What is Customer Lifetime Value?

Before we show you how this is done, let’s take a step back discuss the importance of Customer Lifetime Value. Customer Lifetime Value (CLV) is the projected revenue that a customer will generate during their lifetime with your company (from their first until their last purchase). Compare this to the amount of money you spent to acquire this new customer and you have a guideline that can help you determine the limit of what can be spent to recruit a new customer. If the cost of acquisition is higher than the lifetime value of that customer, then red flags should be waving.

Sounds Great! How Can I Measure This?

By now you may be asking how you can calculate this for your business. The following step-by-step breakdown explains:

  1. Step 1 – Determine Acquisition Cost. How much did you pay to acquire these customers?
    • Formula – Ad cost / New Users Acquired (make sure your time-frames are the same
  2. Step 2 – Average Order Value. How much do they spend per order?
    • Formula – Total Transaction Revenue / Total Number of Transactions in a given time period
  3. Step 3 – Orders Per Year? Quite simply, how many orders do they place per year (or week, or month, etc)?
    • Formula – This can be an assigned number based on your knowledge of your business.
  4. Step 4 – Retention. How many years (weeks, months) will they be customers for?
    • Formula – Also an assigned number based on knowledge of your business
  5. Step 5 – Net Profit. What is the net profit percentage of goods sold?
    • Formula – You may need to touch base with your Sales team to get this piece of information. Or you could make an educated guess based on industry trends.

Customer Lifetime Value in Action

Now, let’s put it all together! Here is an example of a good CLV vs a bad CLV.
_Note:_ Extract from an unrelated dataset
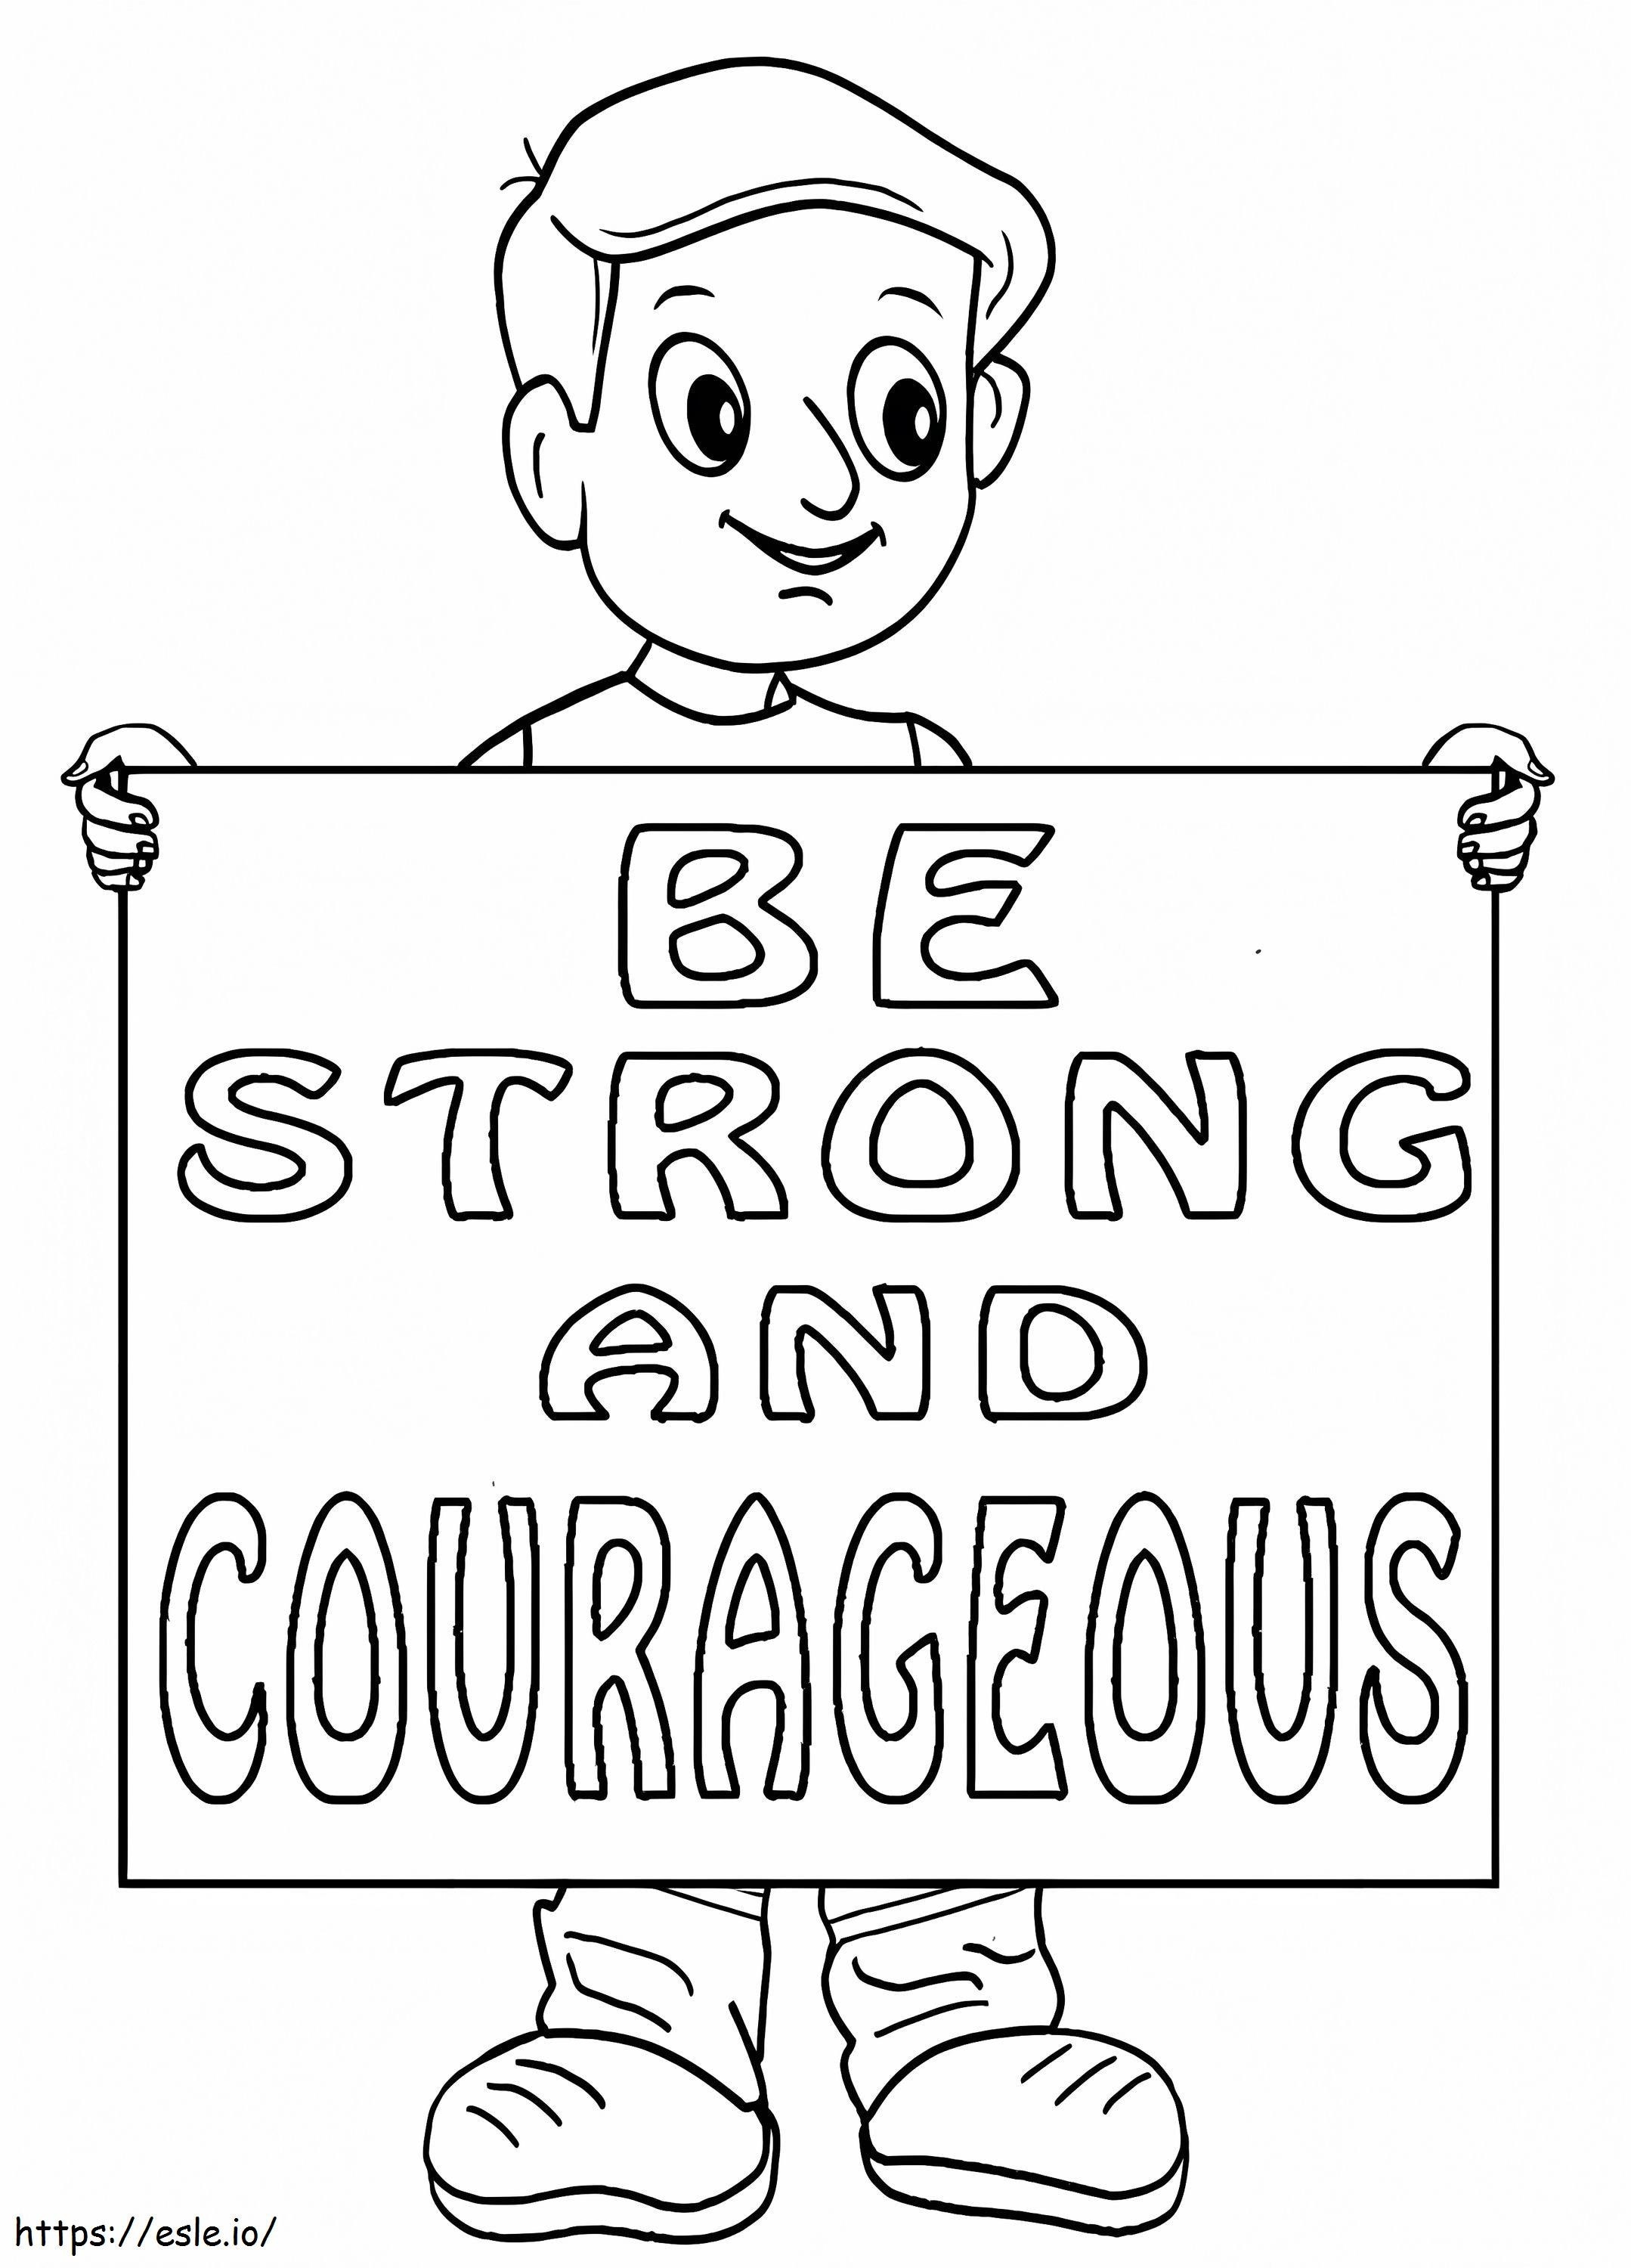 Courageous coloring page

Scenario 1: You run a paid search campaign for those looking to buy new boots in November. You spend $60,000 on the campaign, which gains you 1,000 new customers. On average, those customers spend $120, will come back 2 more times over the course of the year to buy additional items, and will stay a loyal customer for 5 years. Your profit margin on each pair of boots is 10%.

  • Lifetime Gross Revenue (Avg. Order Value * Orders per Year * Retention Period) $120.00 * 3 * 5 = $1,800
  • Lifetime Net Profit (aka Customer Lifetime Value) (Lifetime Gross Revenue * Net Profit – Acquisition Cost) ($1,800.00 * 10%) – ($60,000 / 1,000) = $180.00 – $60 = $120.00

You are making $120.00 profit from each new customer gained! If you did, in fact, gain 1,000 new customers from the campaign, that’s a lifetime value of $120,000 on just those customers. Nice work!

Now let’s look at the other side of the coin.

Scenario 2: You run a paid search campaign for those looking to buy new runners in July. You spend $20,000 on the campaign, which in the end gains you 100 new customers. On average, those customers spend $120, will come back 2 more times over the course of the year to buy additional items, and will stay a loyal customer for 5 years. Your profit margin on each pair of runners is 10%.

  • Lifetime Gross Revenue (Avg. Order Value * Orders per Year * Retention Period) $120.00 * 3 * 5 = $1,800
  • Lifetime Net Profit (aka Customer Lifetime Value) (Lifetime Gross Revenue * Net Profit – Acquisition Cost) ($1,800.00 * 10%) – ($20,000 / 100) = $180.00 – $200 = -$20.00

This is not good. By these calculations, we are losing $20.00 per customer gained. We need to fix this fast by looking at our channels, our copy, our creative, etc.

So Why is CLV So Important?

Understanding Customer Lifetime Value versus what it costs to acquire that customer will set your business up for success in the long run. Ideally, you are looking for a 3:1 ratio in terms of CLV to CAC. This shows that you are getting a great return on your money spent.

Based on these calculations, we can compare customer lifetime values amongst different channels (Paid vs Organic), different products (T-shirts vs Jeans), different time periods (Christmas vs Black Friday), and many more. We can determine who our most valuable clients are, how we acquired them, and how much it cost. Tell me that isn’t data any business leader would want to have when it comes to making business decisions!